For Andre Cymone, funk is not a genre he has returned to; it is a language he never stopped speaking. It is breath, motion, and memory. It is human music, learned early and lived fully. The Resurrection of Funk – which is slated for release this summer – arrives not as nostalgia or revivalism, but as response to the present moment, to cultural amnesia, and to the growing distance between music and the people who make it. Protest music does not need to be dour to be effective; joy, movement, and celebration lift spirits and restore resolve.
Coming from The Resurrection of Funk, Cymone has released the single “The Revolution’s On Yo In “O” Net.” Cymone said of the track: “I wrote this song as a musical reflection of a new world order coming to life. It’s a wake up call to a paralyzed society to not succumb to the heard mentality the corporate media would have you do. Revolution’s are born when the masses wake up to injustice. This track is made to make you stop and think stand and represent.
The world has changed in so many way, the idea that individuals can become so rich thanks to the Internet that they can literally buy whole industries, like the music industry. There’s a lyric in the song that asks “who gets paid when the music’s free”. It’s also inspired by Gil Scott Heron’s, “The Revolution Will Not Be Televised” lyric. He was profound in his prediction and here we are. The medium is the message. The Revolution’s on Yo In “O” Net.”
The Resurrection of Funk is deeply tied to Minneapolis; not just as geography, but as ethos. There is a direct line from the city’s history of unrest and organizing to the music that emerged from it. Community centers, neighborhood bands, and shared cultural spaces weren’t accidents; they were responses. Funk, in this context, becomes protest without bitterness, resistance without despair. It is joy as strategy. Dance as defiance. Release as fuel.
Cymone’s musical foundation was born from a reality that came with its own soundtrack. It shaped his idea of funk as something functional: music that moves bodies, centers communities, and carries memory. That melodic sensibility became central to his approach. When Cymone and Prince first met as young musicians, they were equals who had finally encountered their match. Each came armed with curiosity, discipline, and an instinct for sound beyond convention.
Their first band, Grand Central, emerged not from ambition but alignment; a convergence of two multi-instrumentalists pushing their instruments past expected roles. Cymone’s bass lines were melodic, assertive, and compositional; Prince’s keyboards and guitar work were exploratory and disruptive. Together, they built a new sonic architecture. The Minneapolis Sound was not a style borrowed or blended; it was constructed.
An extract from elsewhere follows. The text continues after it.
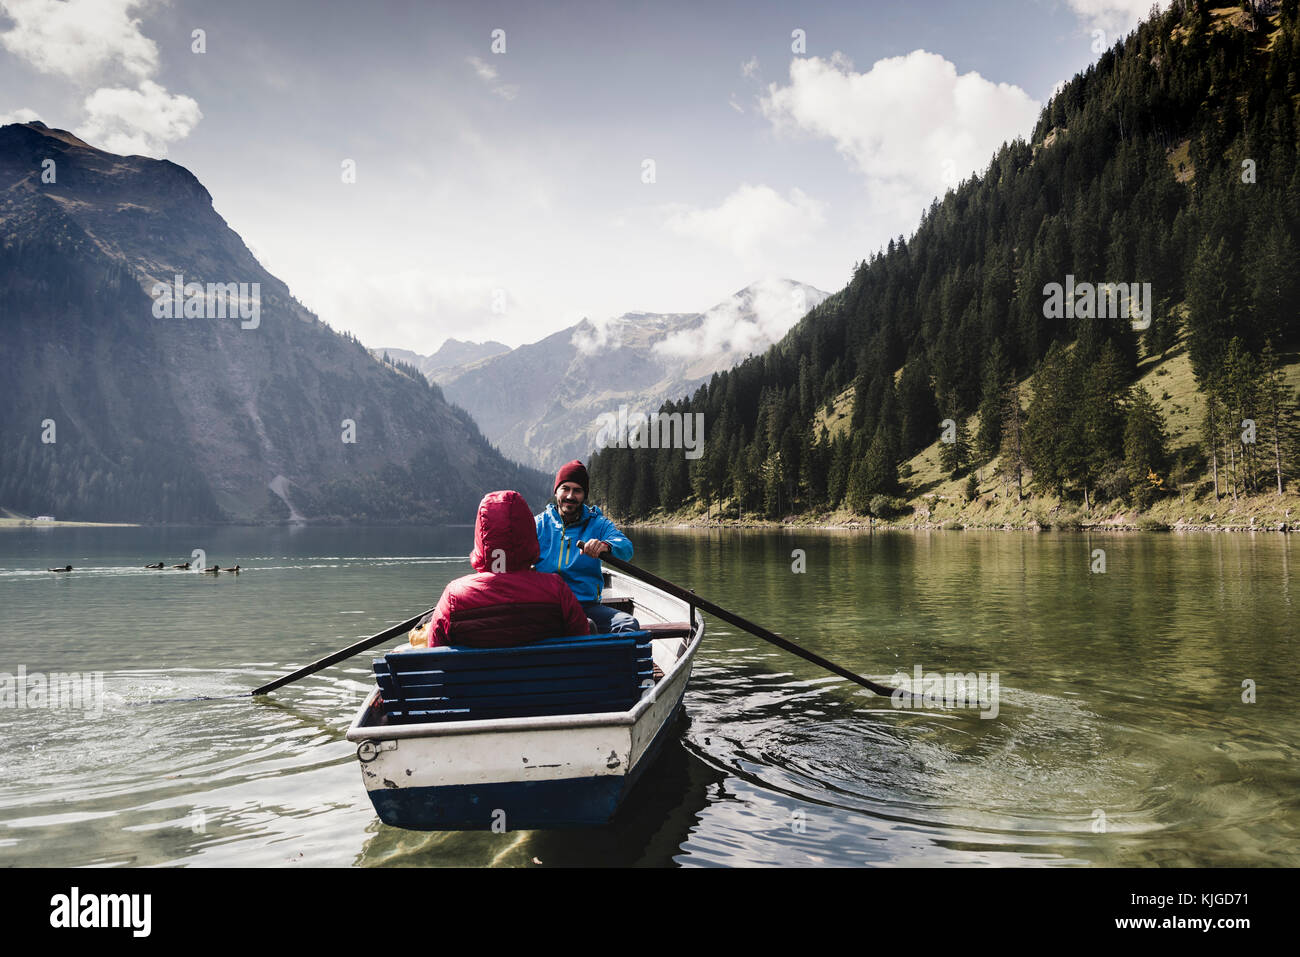 Austria, Tyrol, Alps, couple in rowing boat on mountain lake Stock Photo

Cymone’s imprint is deeply embedded in the early records and stage performances that introduced this sound to the world. His contributions shaped not only Prince’s earliest solo releases, but also the DNA of the bands that followed. (In On Time: A Princely Life in Funk, Morris Day directly acknowledges Cymone’s role, recalling a conversation with Prince in which he notes how many of Cymone’s bass lines became essential components of those compositions.)
Cymone’s early solo records embraced New Wave and futurism at a time when no Black artist was expected (or encouraged) to do so. Livin’ in the New Wave and Survivin’ in the 80s developed a cult following, earning retrospective recognition as statements of artistic freedom. His next evolution came through songwriting and production. Writing and producing for artists including Jody Watley, Evelyn Champagne King, Tina Turner, Adam Ant, James Ingram, and others, he found a different kind of freedom in channeling originality through others’ voices.
Now, with The Resurrection of Funk, Cymone arrives at a moment of reckoning; personal, cultural, and musical. For the first time in his solo career, he fully embraces the sound he helped give birth to, not as revival, but as reclamation. This is the music originally forged in his mother’s basement recontextualized, reaffirmed, and delivered with intent.
At its heart, the album is conceptual in the purest sense: the concept is funk. Not as trend or revival, but as foundation. As the sound that underpins modern music while being routinely misunderstood. Cymone is explicit about his role here; not out of ego, but out of clarity. He is one of the architects of this sound, and this record is about placing that architecture back in view, in full context, where it belongs.